For a fee, he delivered the petroleum products on its behalf. Notably, petitioner even imposed a penalty clause in
instances when there was a violation of the hauling contract, wherein it may impose a penalty ranging from a
written warning to the termination of the contract. Therefore, as far as the dealer was concerned with regard to
the terms of the dealership contract, acts of Villaruz and his employees are also acts of petitioner. Both the RTC
and the CA held that Villaruz failed to rebut the presumption that the employer was negligent in the supervision
of an employee who caused damages to another; and, thus, petitioner should likewise be held accountable for the
negligence of Villaruz and Igdanis.

2. To reiterate, petitioner, the dealer Rubin Uy – acting through his agent, Dortina Uy – shared the
responsibility for the maintenance of the equipment used in the gasoline station and for making sure that the
unloading and the storage of highly flammable products were without incident. As both were equally negligent
in those aspects, petitioner cannot pursue a claim against the dealer for the incident. Therefore, both are solidarily
liable to respondents for damages caused by the fire.

Petitioner was likewise negligent in allowing a tank truck different from that specifically provided under
its hauling contract with Villaruz. The enumeration and specification of particular tank trucks in the contract
serve a purpose – to ensure the safe transportation, storage and delivery of highly flammable products.

With respect to the claims of third persons, it is not enough for petitioner to allege that the tank truck met
the same requirements provided under the contract; it must duly prove its allegations. This, petitioner failed to
do. To reiterate, it was not able to prove the proximate cause of the fire, only the involvement of the tank truck
and the underground storage tank. Notably, both pieces of equipment were under its responsibility. Absent any
positive determination of the cause of the fire, a presumption exists that there was something wrong with the
truck or the underground storage tank, or both. Petitioner, which had the obligation to ensure that the truck was
safe, is likewise liable for the operation of that truck.
Villaruz is also liable to petitioner based on the hauling contract. Nonetheless, this is not the same as
saying that Villaruz is no longer solidarily liable to respondents.

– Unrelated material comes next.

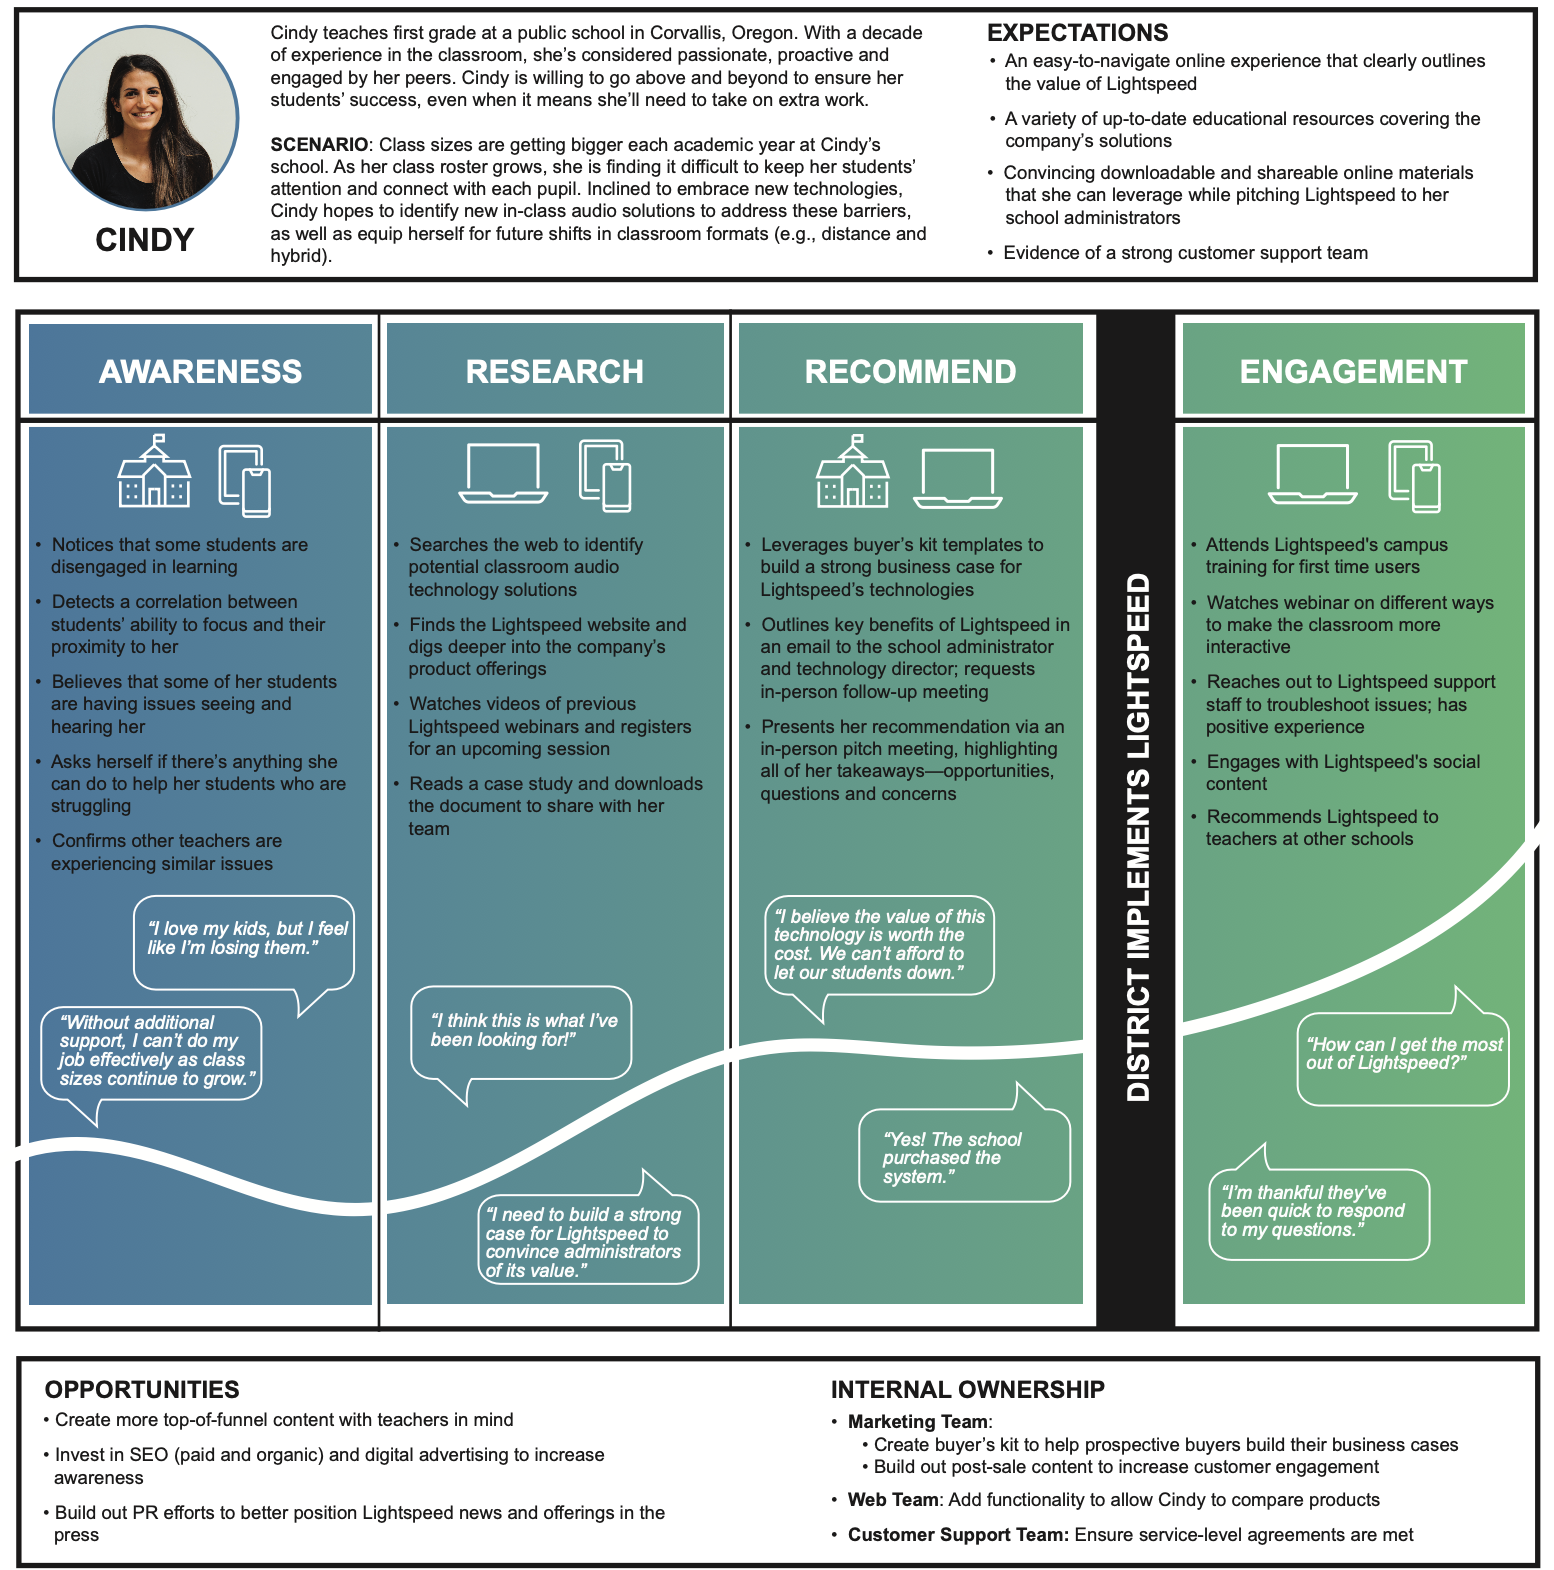 User journey map of persona Cindy's journey through stages of interaction with Lightspeed's content, including awareness, research, recommend, and engagement, a PDF link is below with full text
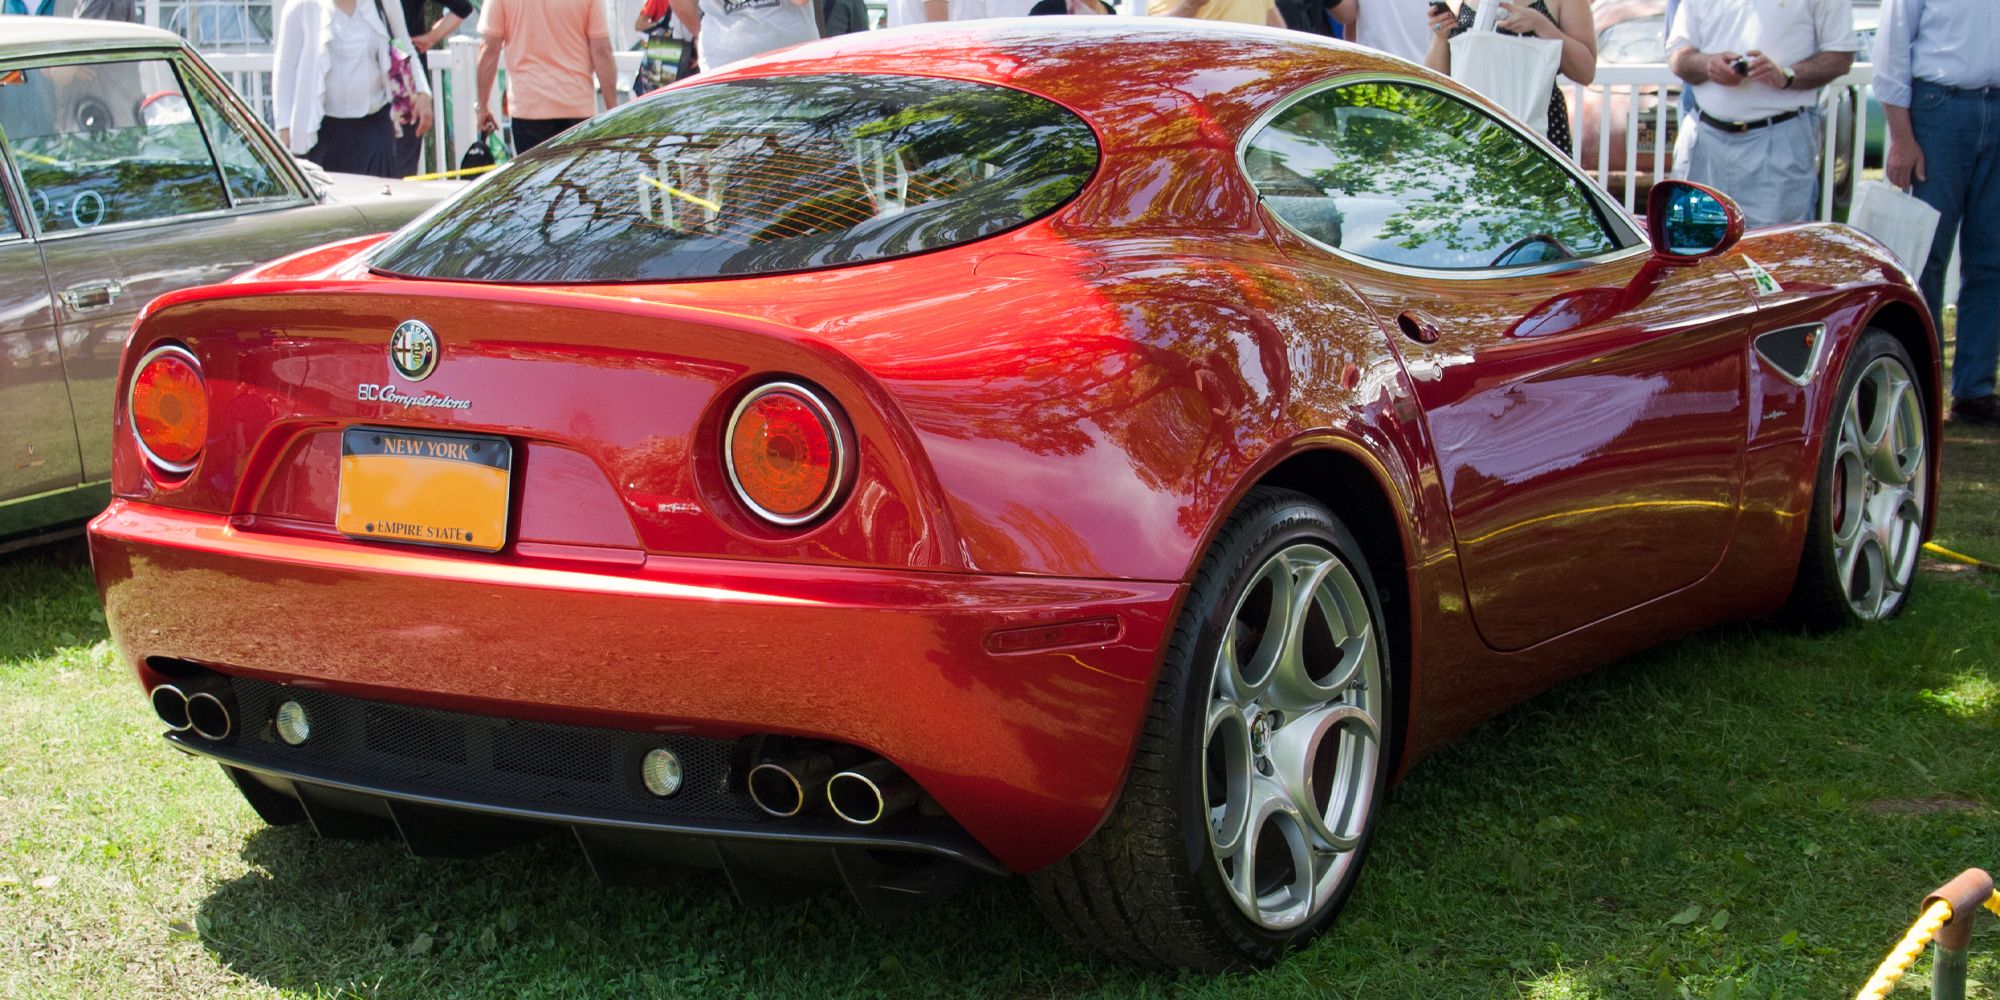 The rear of the 8C

Petitioner may only claim contribution from him in accordance with Article 1217 of the Civil Code, and
not by virtue of its hauling contract, in the event that respondents decide to proceed against petitioner alone for
the satisfaction of judgment.

To put it simply, based on the ruling of the lower courts, there are four (4) persons who are liable to pay
damages to respondents. The latter may proceed against any one of the solidary debtors or some or all of them
simultaneously, pursuant to Article 1216 of the Civil Code. These solidary debtors are petitioner Petron, the
hauler Villaruz, the operator Dortina Uy and the dealer Rubin Uy. To determine the liability of each defendant to
one another, the amount of damages shall be divided by four, representing the share of each defendant.
Supposedly, under the hauling contract, petitioner may require Villaruz to indemnify it for its share. However,
because it was not able to maintain the cross-claim filed against him, it shall be liable for its own share under
Article 1208 and can no longer seek indemnification or subrogation from him under its dismissed cross-claim.
Petitioner may not pursue its cross-claim against Rubin Uy and Dortina Uy, because the cross-claims against
them were also dismissed; moreover, they were all equally liable for the conflagration as discussed herein.